Existing solutions to this problem introduce their own problems. Splitting alignment files on disk results in substantial write amplification, requires disk I/O made slower by the need to seek between many inputs, and may delay data processing until the file has been completely split, slowing the development cycle. Although standard utilities like `pysam` can stream and dispatch records after serializing them as strings, this is slow and requires complex manual implementation.

`sam-dealer` combines standard tools to stream-dispatch SAM/BAM/CRAM records to persistent jobs simply, rapidly, and with low memory pressure. Conceptually, it works as follows:

* Spin up `J` persistent jobs (user-specified CLI commands that each receive distinct block of records from the input SAM/BAM/CRAM file)
* The input file is divided into `J` input streams, one for each job.
* Each input stream is formed by round-robin batching of `N` linearly consecutive records at a time. The first job gets the first `N` records, the second job gets the next `N` records, and so on in a loop until all records have been processed.

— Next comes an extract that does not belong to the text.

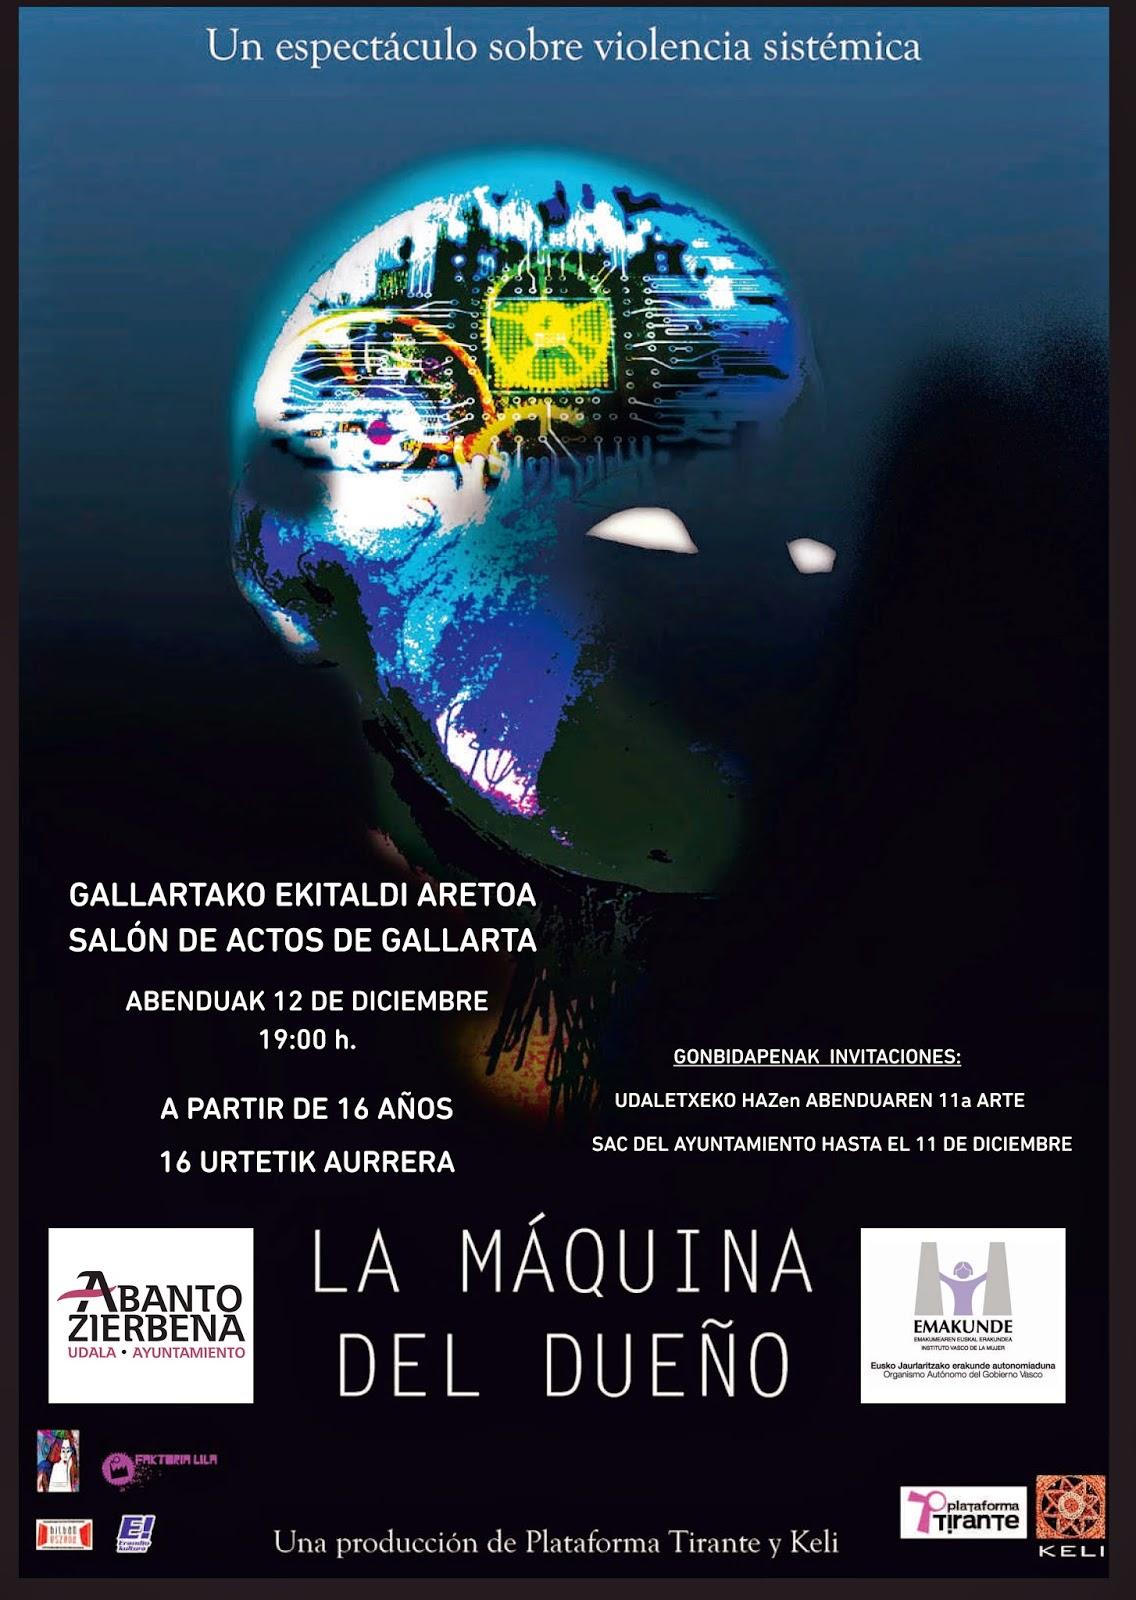 La obra de teatro La Máquina del Dueño llega a Abanto

* Input streams flow through a memory buffer (one buffer per job) that spills to disk under memory pressure. This allows all jobs to run independently at maximum speed as long as their buffers are not full, without waiting for the previous job to finish consuming its next batch.
* Importantly, we do *not* initiate one job per batch. Instead, we initiate `J` jobs that receive the concatenation of the header and all the batches that belong to the job as a continuous stream via `stdin`. From the job's perspective, it is streaming in every `J`th block of `N` records over the entire input file.